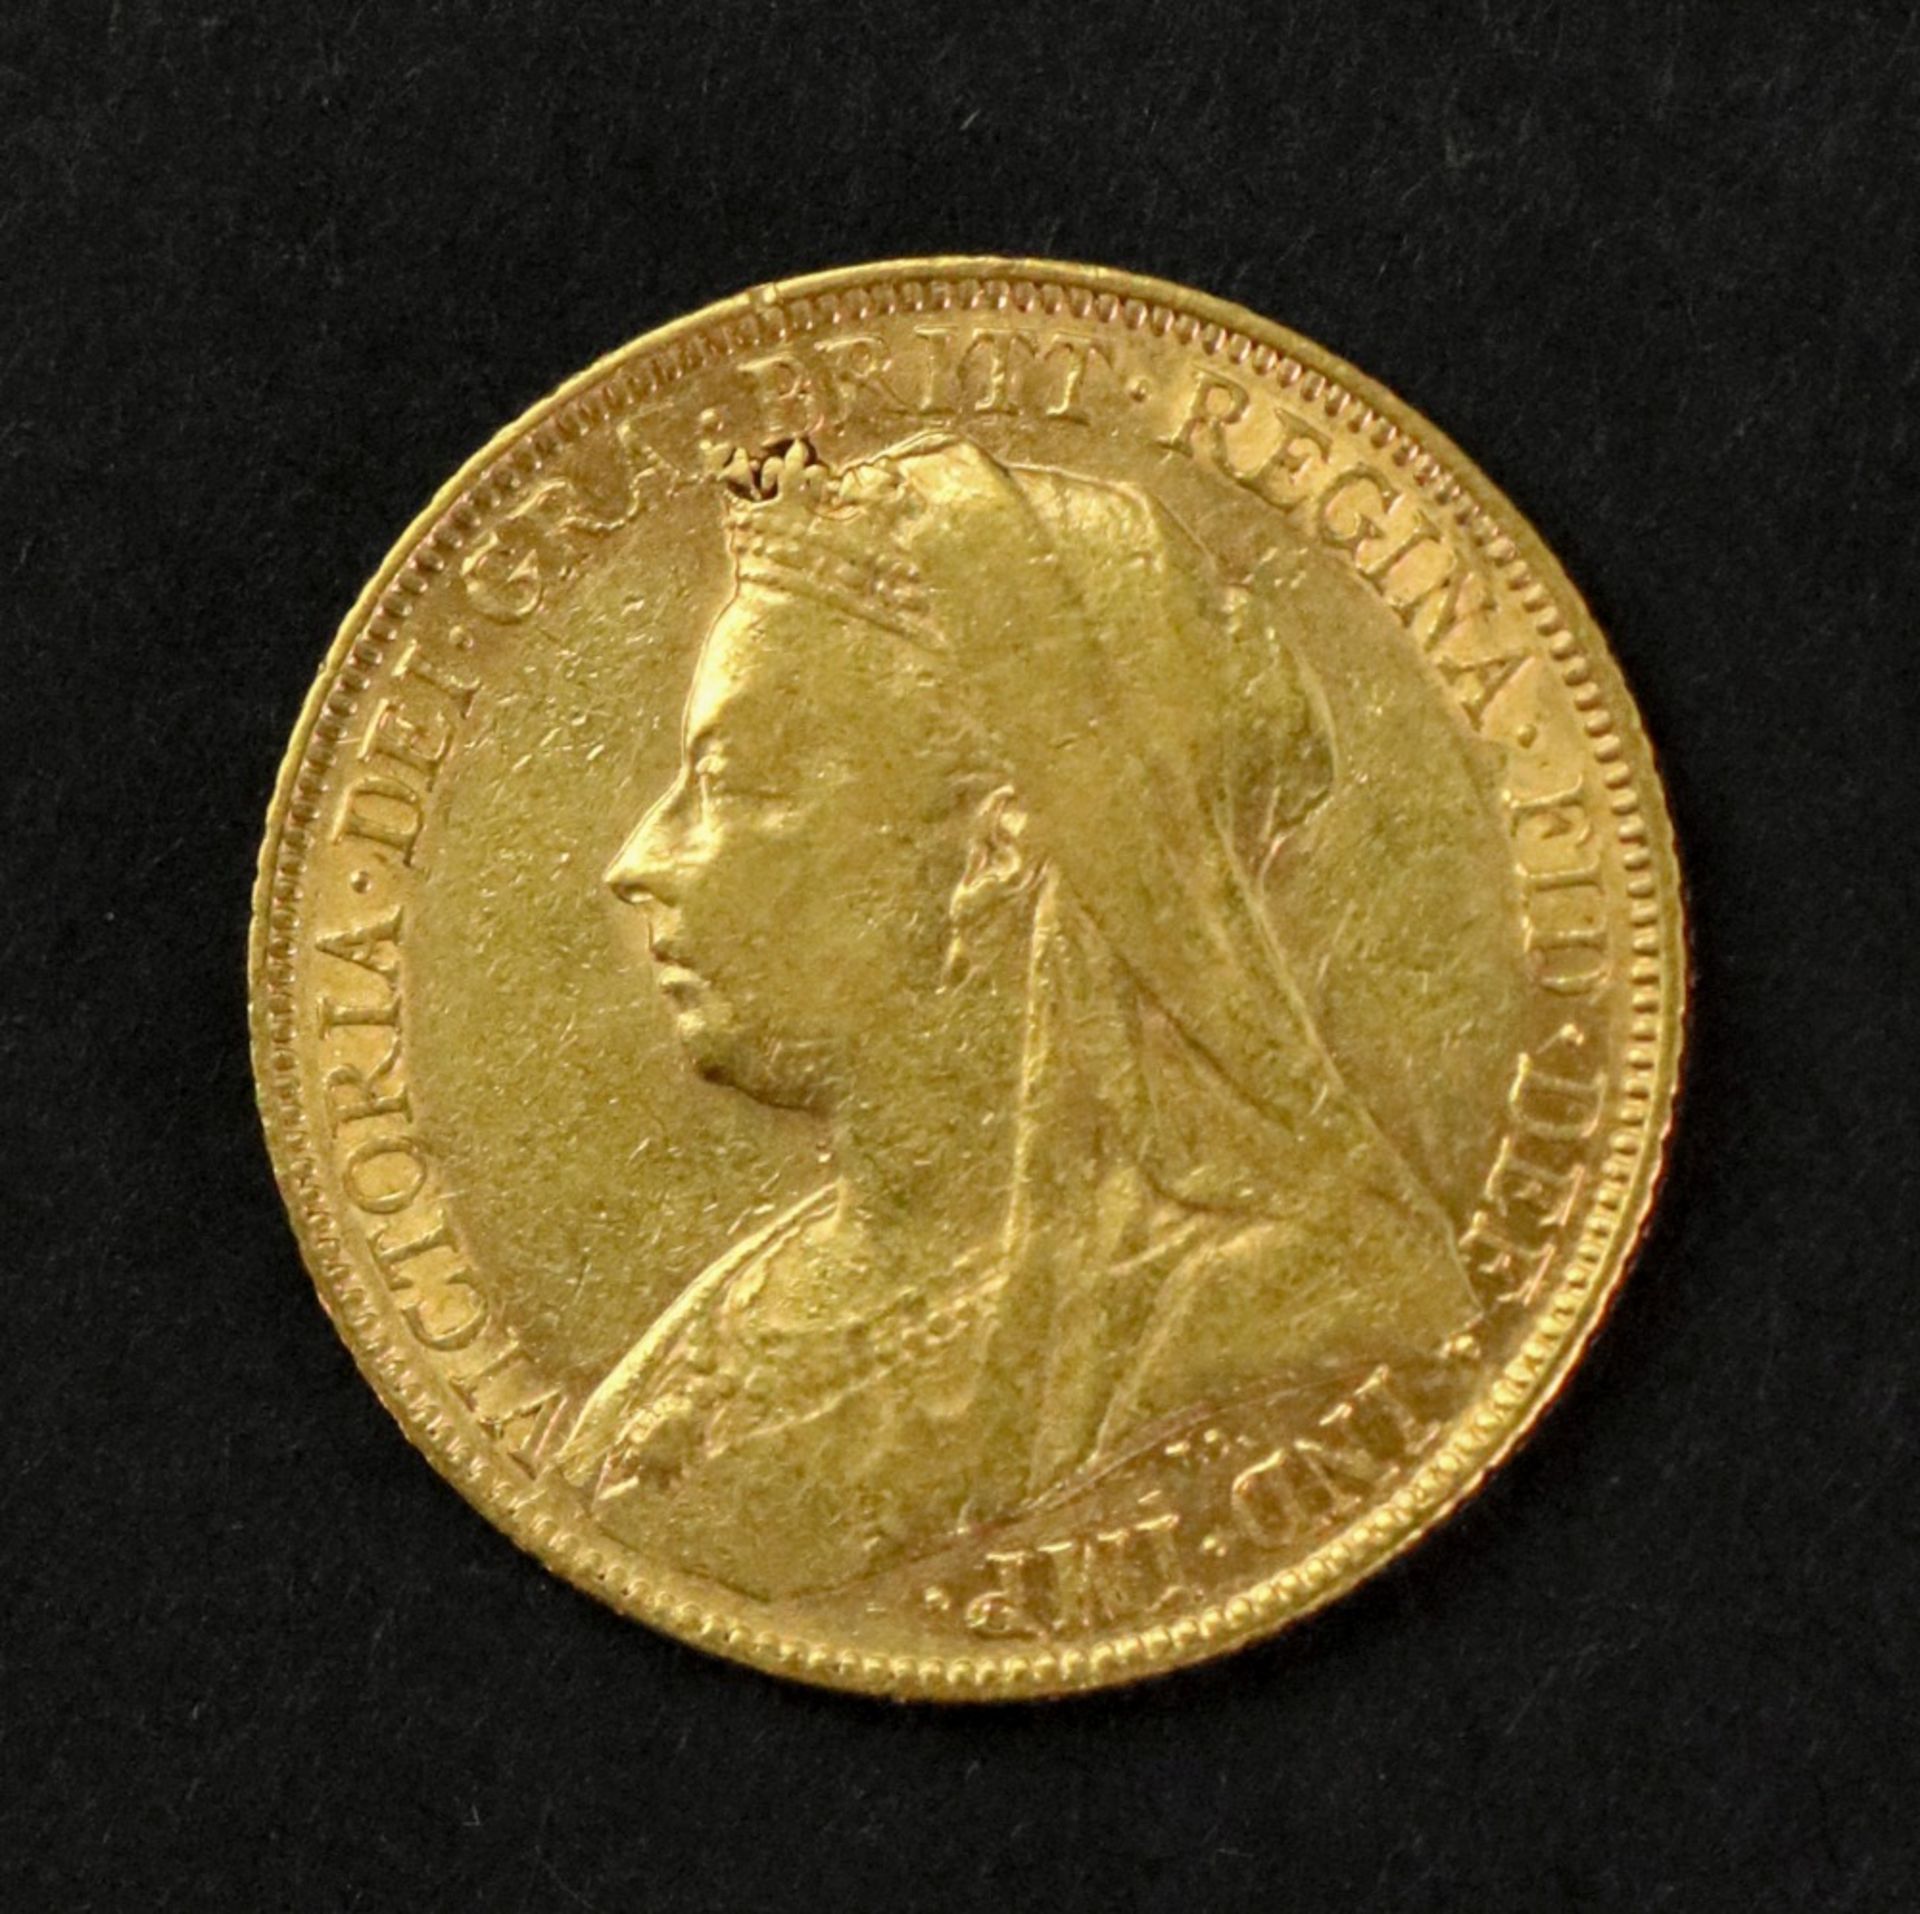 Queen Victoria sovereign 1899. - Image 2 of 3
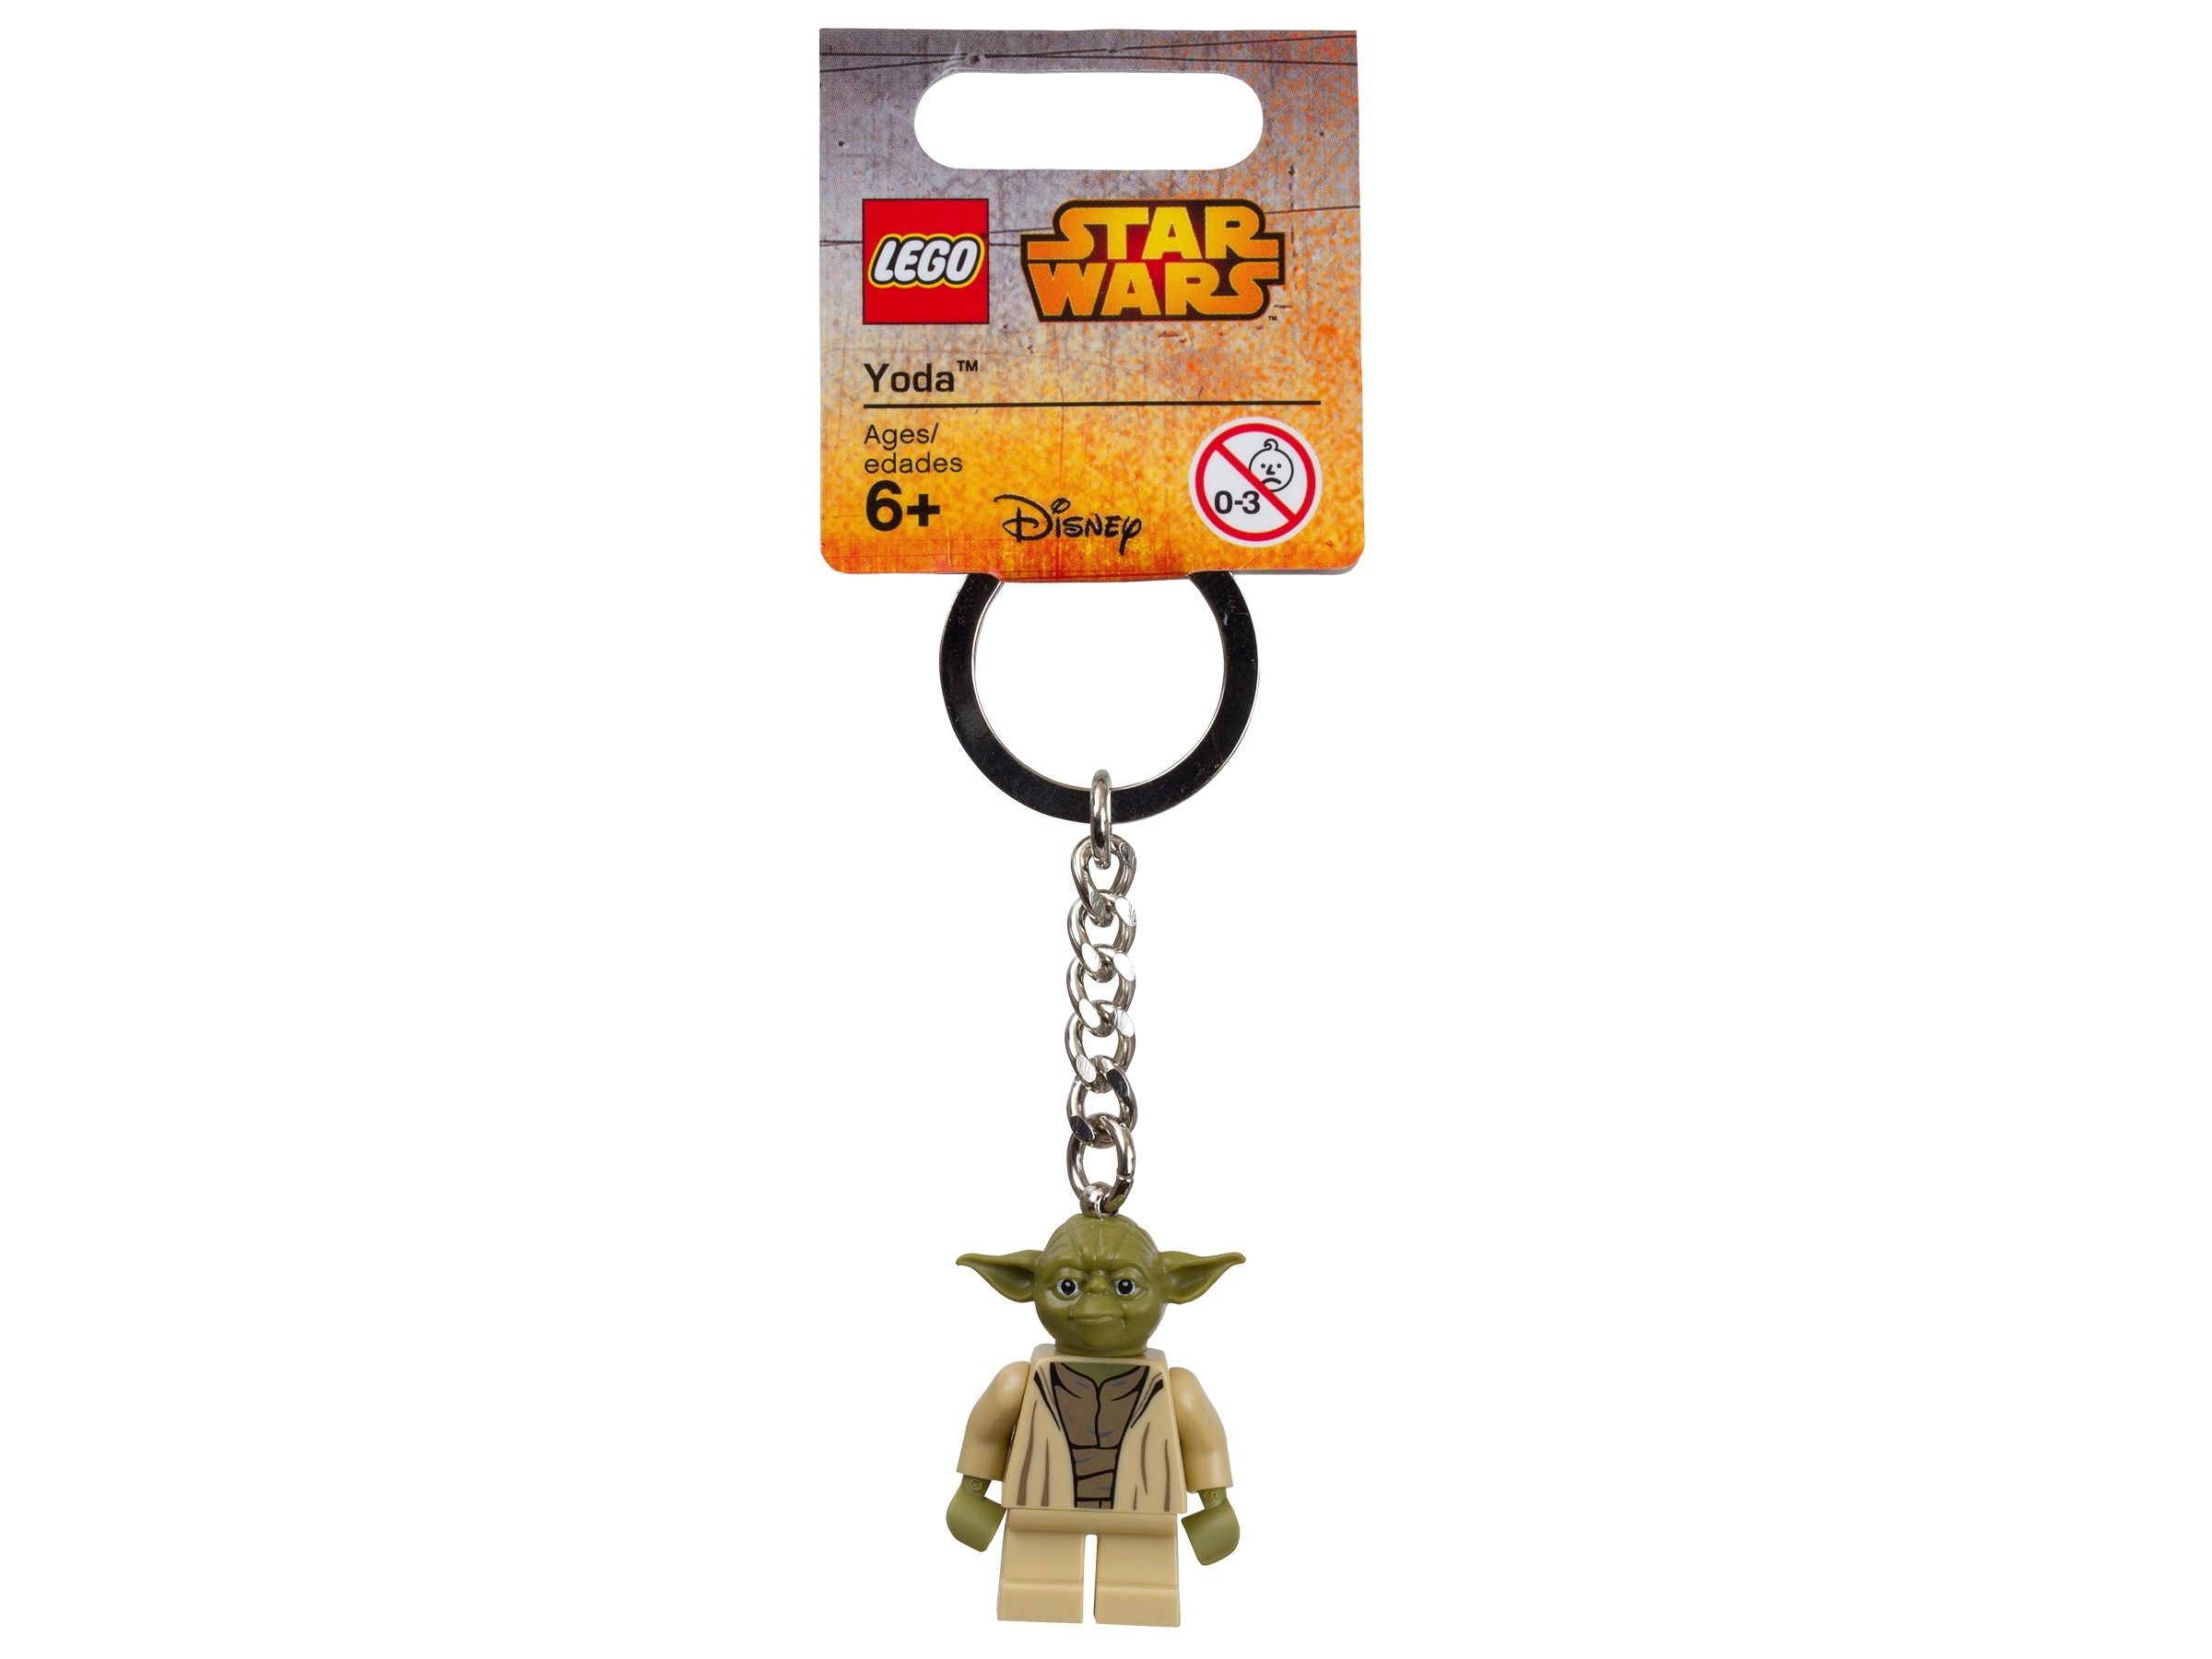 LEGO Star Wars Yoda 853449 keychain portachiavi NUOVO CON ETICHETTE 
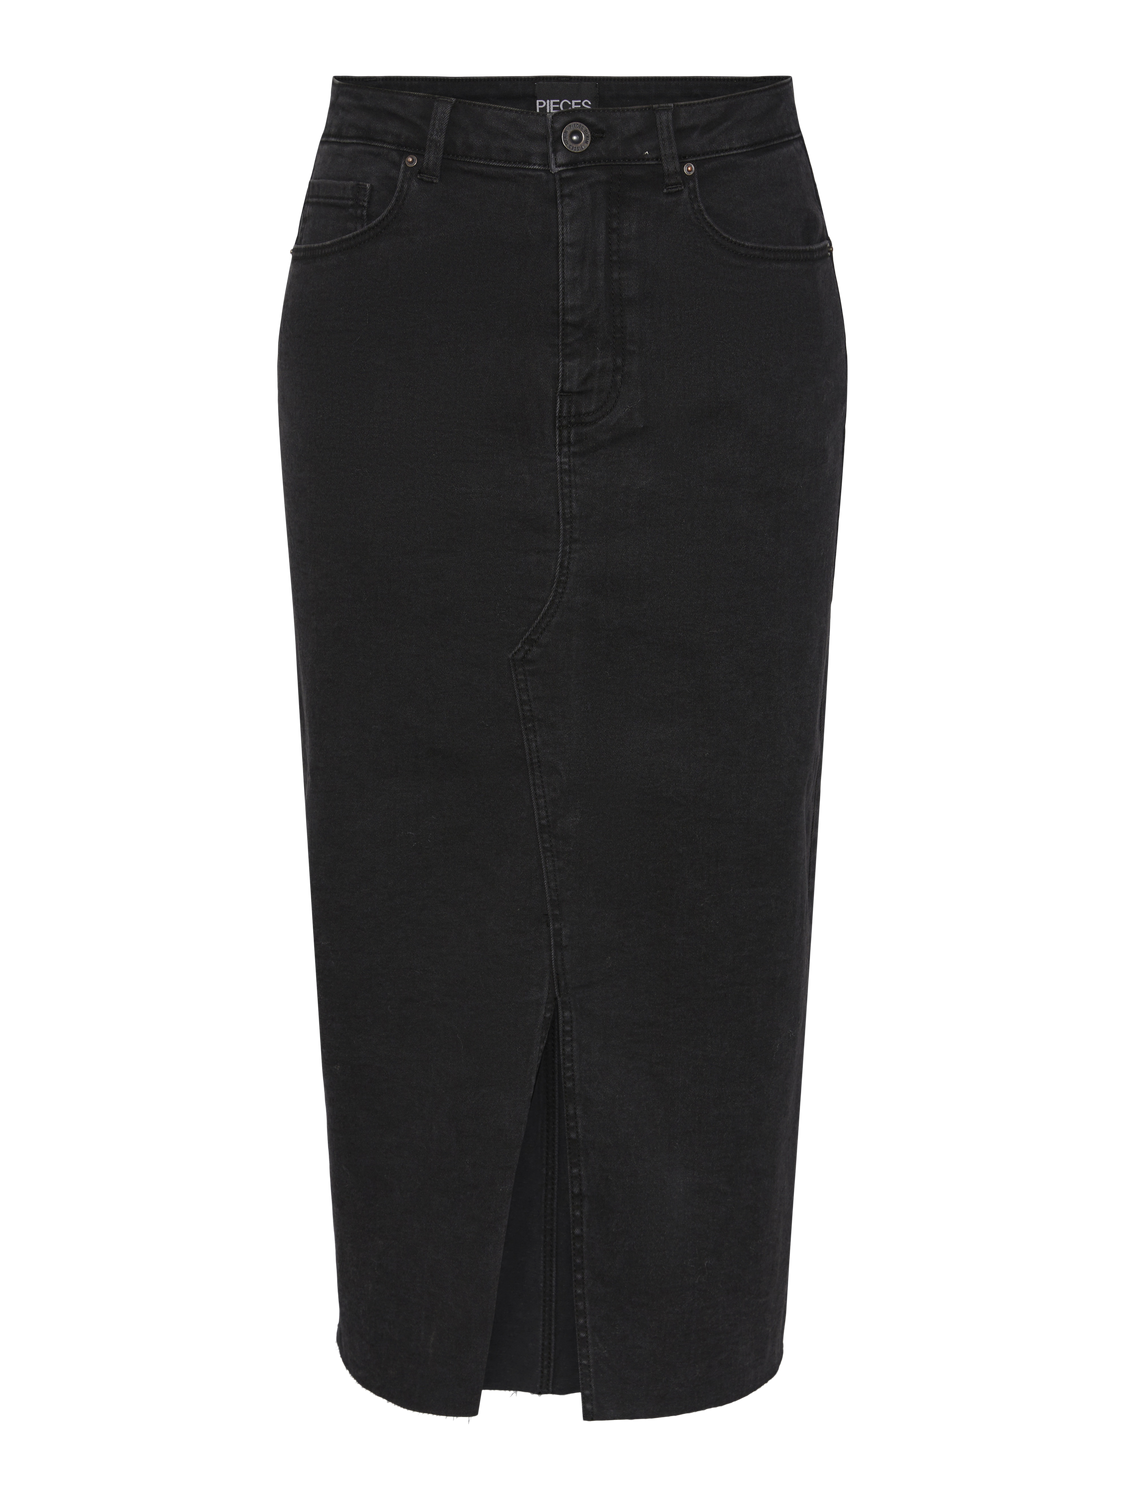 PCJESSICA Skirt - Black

### [EXERCISE GOAL]
Hand back the data above exactly, with no images.

### [REPLY TO THE TASK]
 Queen Victoria sovereign 1899. - Image 2 of 3
 LEGO Star Wars Yoda 853449 keychain portachiavi NUOVO CON ETICHETTE 
 PCJESSICA Skirt - Black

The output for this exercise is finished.